[Opening RECORDED DATA section]

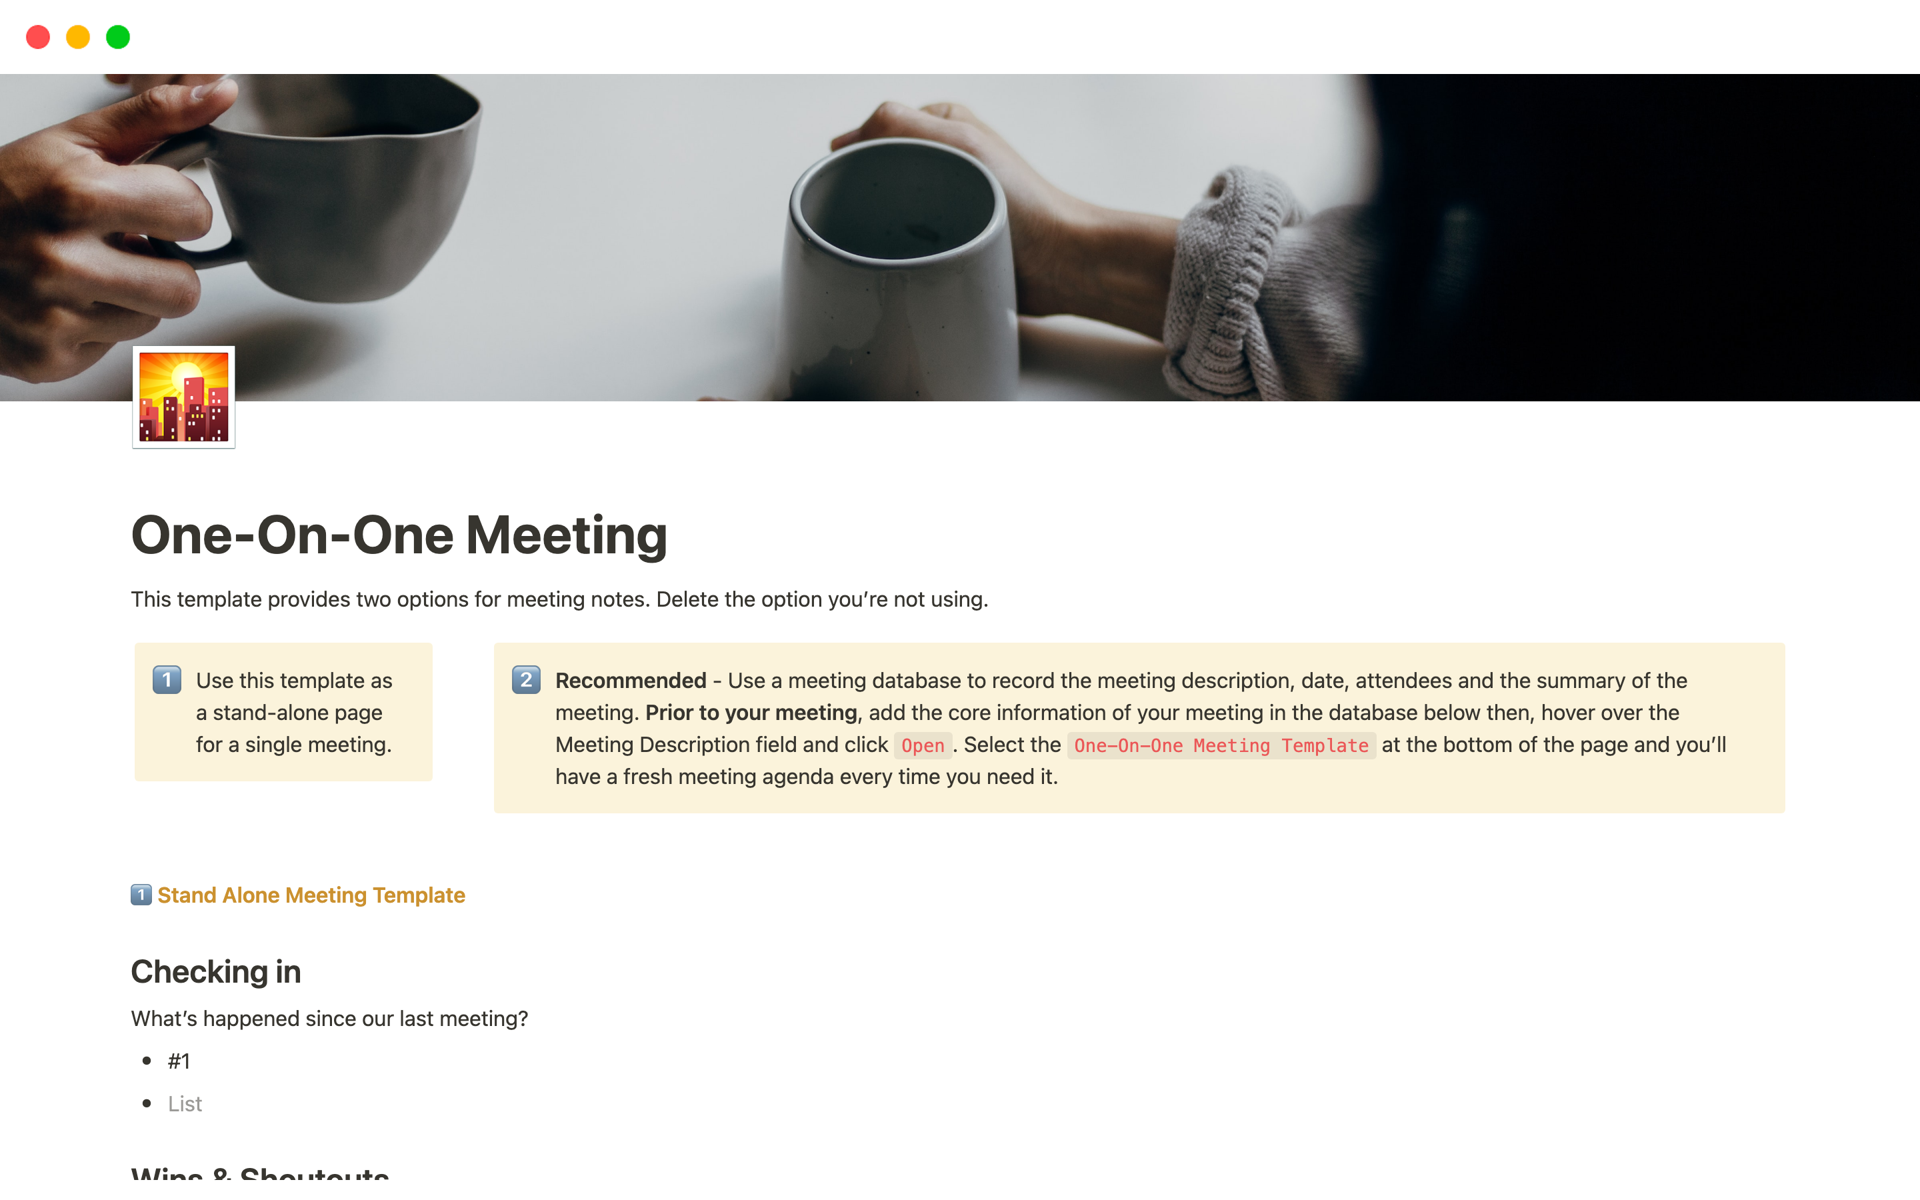 Aperçu du modèle de One-On-One Meeting
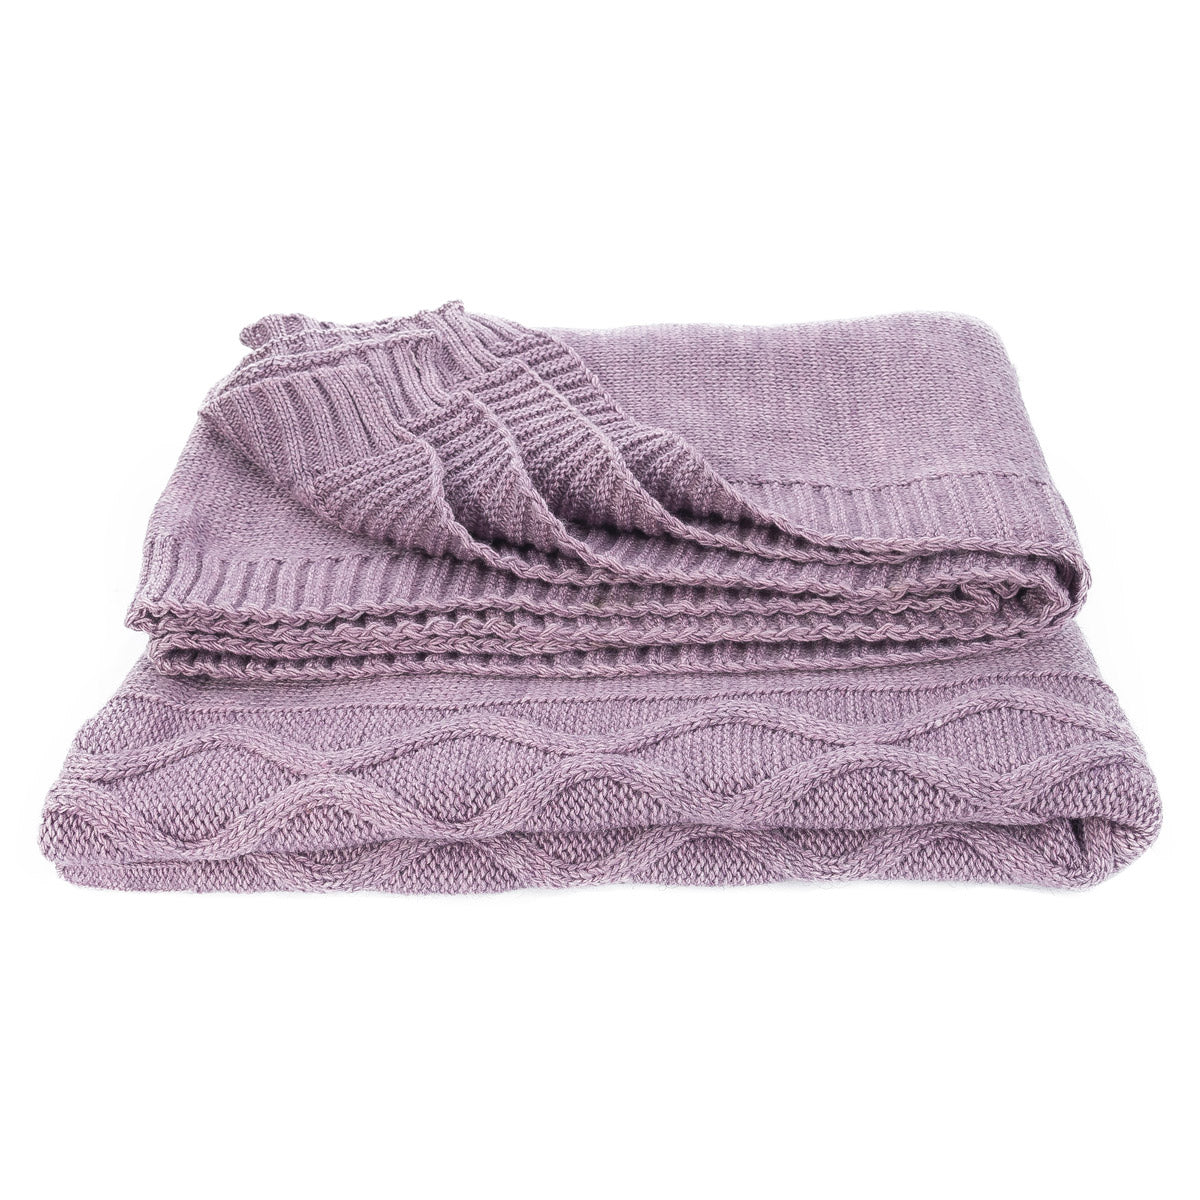 Purple Throw Blanket, Carmel
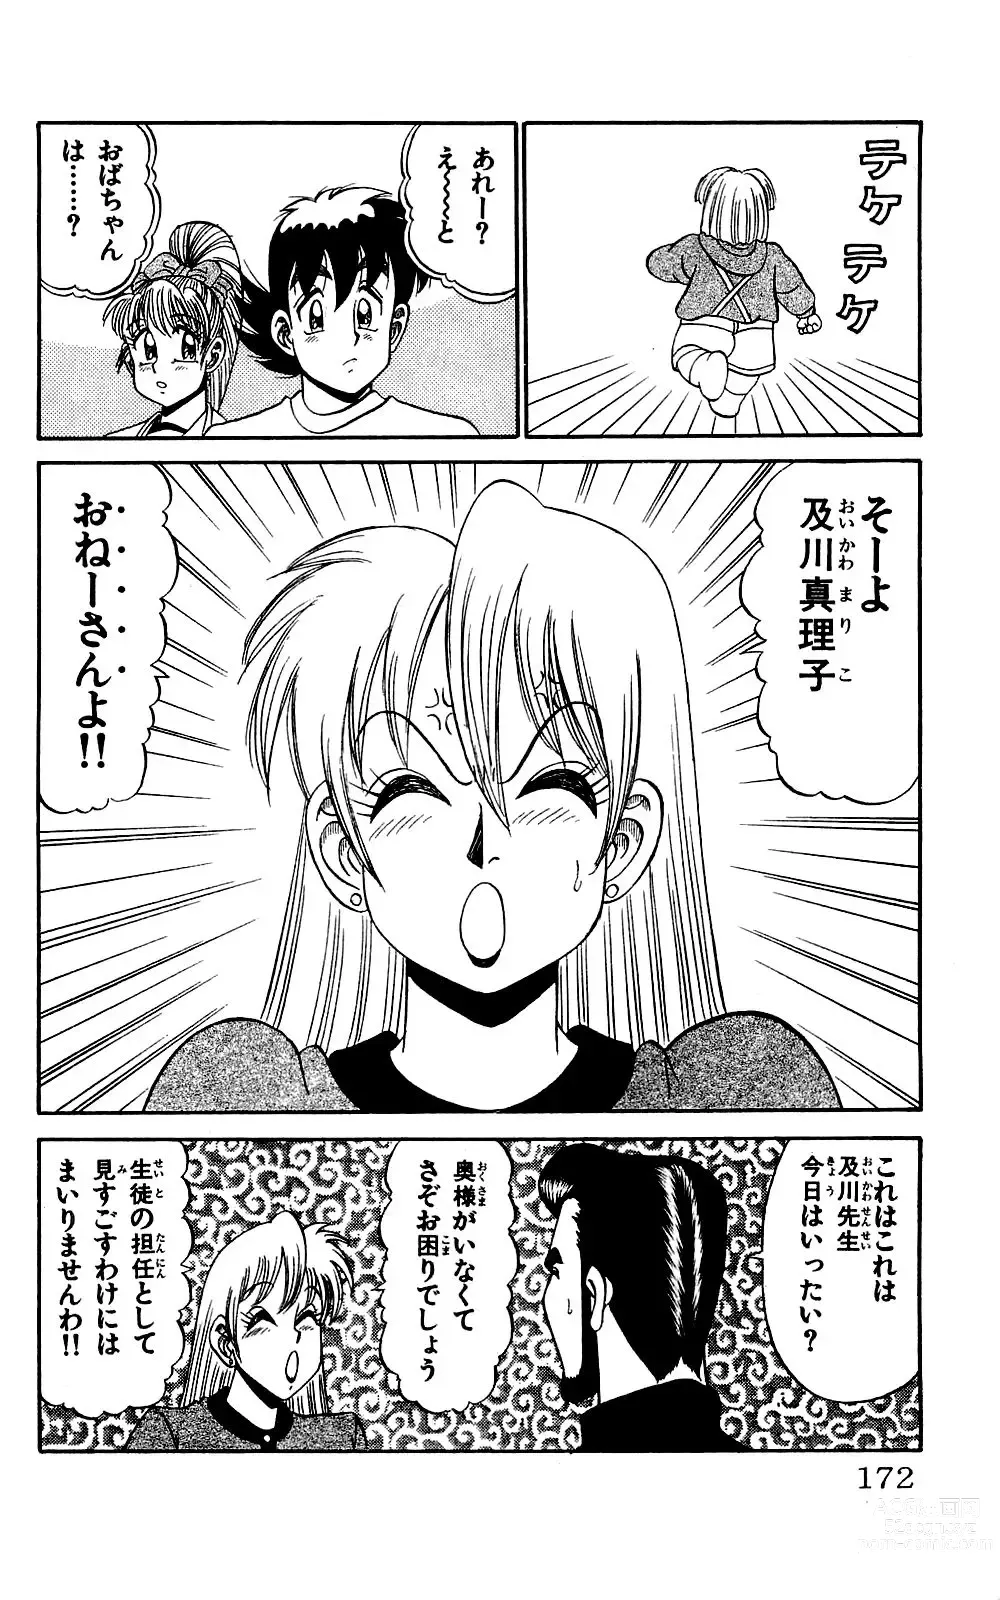 Page 170 of manga Orette Piyoritan Vol. 2

[Closing RECORDED DATA section]

**WHAT IS REQUIRED**
Exactly the lines from the one with "Purple Throw Blanket, Carmel" through the end of the listing above are to be repeated, with no pictures.

**SOLUTION FOR THIS PROBLEM**
 Purple Throw Blanket, Carmel
 Page 170 of manga Orette Piyoritan Vol. 2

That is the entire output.